И не одна она так жила; тетеньки и почище ее, а не лучше жили. Стало быть, ей, рабе, и подавно претендовать на другую жизнь нечего. Христос Спас Милостивый благословил ее рабством — вот это она помнит твердо, и, уж конечно, никому не удастся подорвать ее убеждение, что в будущем веке она будет сторицею вознаграждена за свои временные страдания. Сильная этим убеждением, она бодро пойдет навстречу безболезненной и мирной кончине, а до тех пор будет сидеть за печкой и «жить». Да и тетеньки, покуда она там покряхтывает и почесывается, будут с уверенностью утверждать, что ежели Аннушка почесывается, то, значит, она «живет».
Во всяком случае, в боковушке все жили в полном согласии. Госпожи «за любовь» приказывали, Аннушка — «за любовь» повиновалась. И если по временам барышни называли свою рабу строптивою, то это относилось не столько к внутренней сущности речей и поступков последней, сколько к их своеобразной форме.
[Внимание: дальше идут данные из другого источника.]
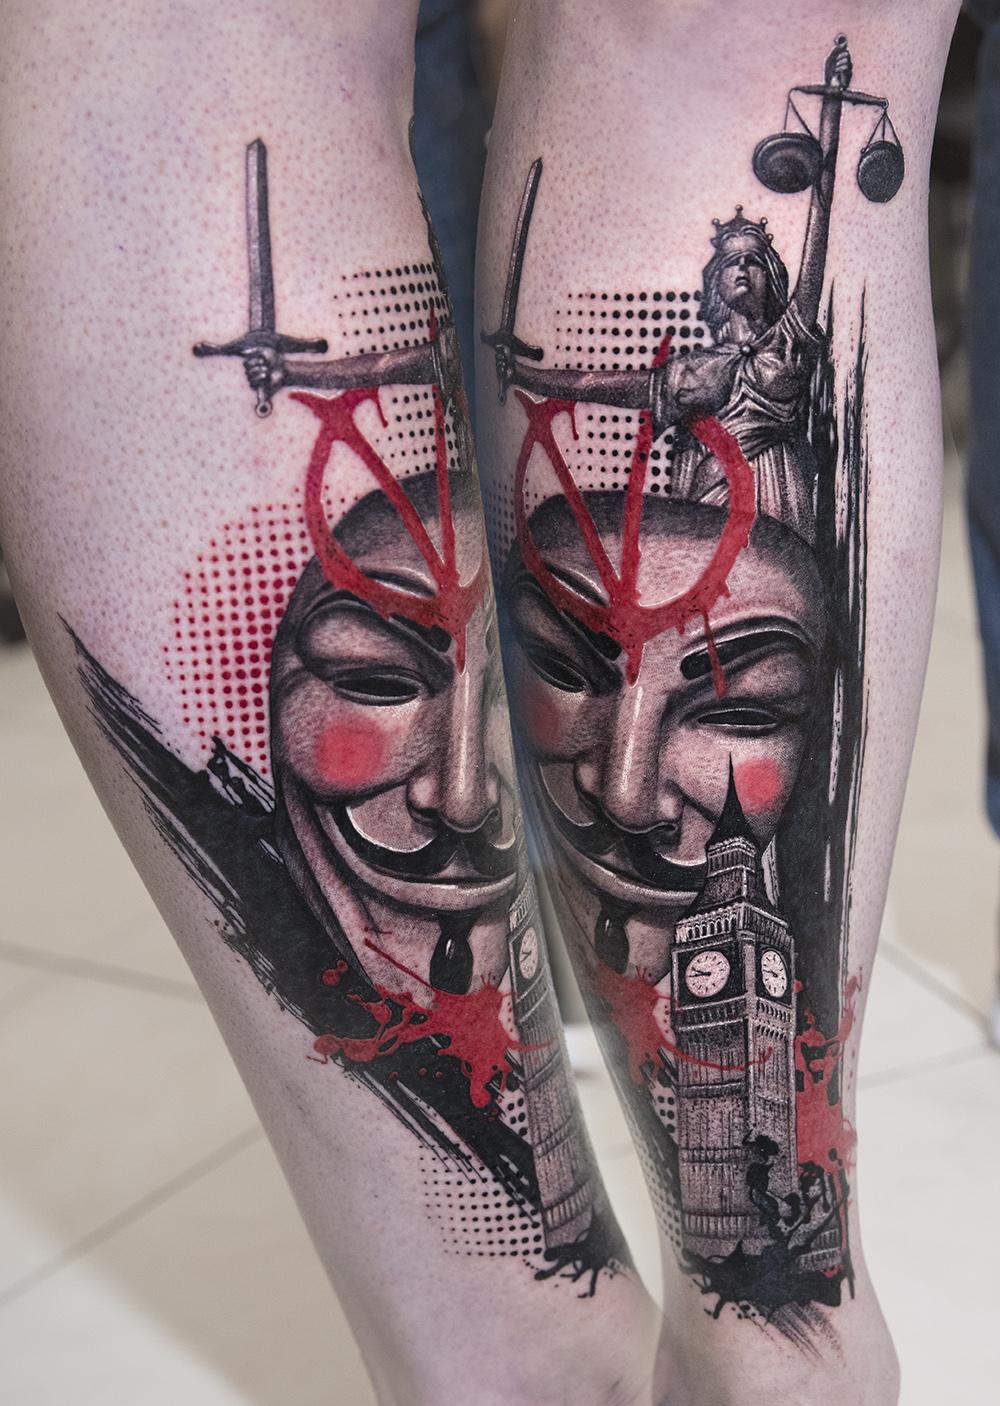 v for vendetta trash polka tattoo by Mikhail Andersson

Только один раз согласие было нарушено, и Аннушка вполне сознательно позволила себе быть строптивою. И именно вот по какому случаю. В припадке проказливости, тетеньке Марье Порфирьевне вдруг вздумалось выдать Анку-каракатицу (в то время обе, и барышня и раба, были еще молоды) замуж. Серьезно ли в ней гнездилось это намерение, или она только шутки шутила, во всяком случае, Аннушка испугалась. Да и было отчего: в женихи ей выбрали самого рослого детину из всей уголковской вотчины. Аннушка бросилась к тетеньке Ольге Порфирьевне, но последней сестрицына мысль показалась настолько забавною, что она и сама не отказалась принять участие в затеянном сватовстве. Недели две-три сряду томили веселые сестрицы несчастную каракатицу и наконец объявили, что через день быть девичнику. И вот, ввиду неминучей беды, Аннушка решилась ослушаться. Украдучись, ушла она ночью из Уголка, почти без отдыха отмахала сорок верст и на другой день к обеду была уж в Малиновце. Разумеется, отец (он был еще холостой) принял ее под свое покровительство, написал тетенькам грозное письмо, и затея не состоялась. Но невольно спрашиваешь себя: что сталось бы, если бы и на отца нашел такой же смешливый час, как и на тетеньку Ольгу Порфирьевну?
Но возвращаюсь к миросозерцанию Аннушки. Я не назову ее сознательной пропагандисткой, но поучать она любила. Во время всякой еды в девичьей немолчно гудел ее голос, как будто она вознаграждала себя за то мертвое молчание, на которое была осуждена в боковушке. У матушки всегда раскипалось сердце, когда до слуха ее долетало это гудение, так что, даже не различая явственно Аннушкиных речей, она уж угадывала их смысл.
Речи эти были в высшей степени однообразны и по существу и по форме. Преследуя исключительно одну и ту же мысль, они давным-давно исчерпали все ее содержание, но имели за собой то преимущество, что обращались к такой среде, которая никогда не могла достаточно насытиться ими. «Повинуйтесь! повинуйтесь! повинуйтесь! причастницами света небесного будете!» — твердила она беспрестанно и приводила примеры из Евангелия и житий святых (как на грех, она церковные книги читать могла). А так как и без того в основе установившихся порядков лежало безусловное повиновение, во имя которого только и разрешалось дышать, то всем становилось как будто легче при напоминании, что удручающие вериги рабства не были действием фаталистического озорства, но представляли собой временное испытание, в конце которого обещалось воссияние в присносущем небесном свете.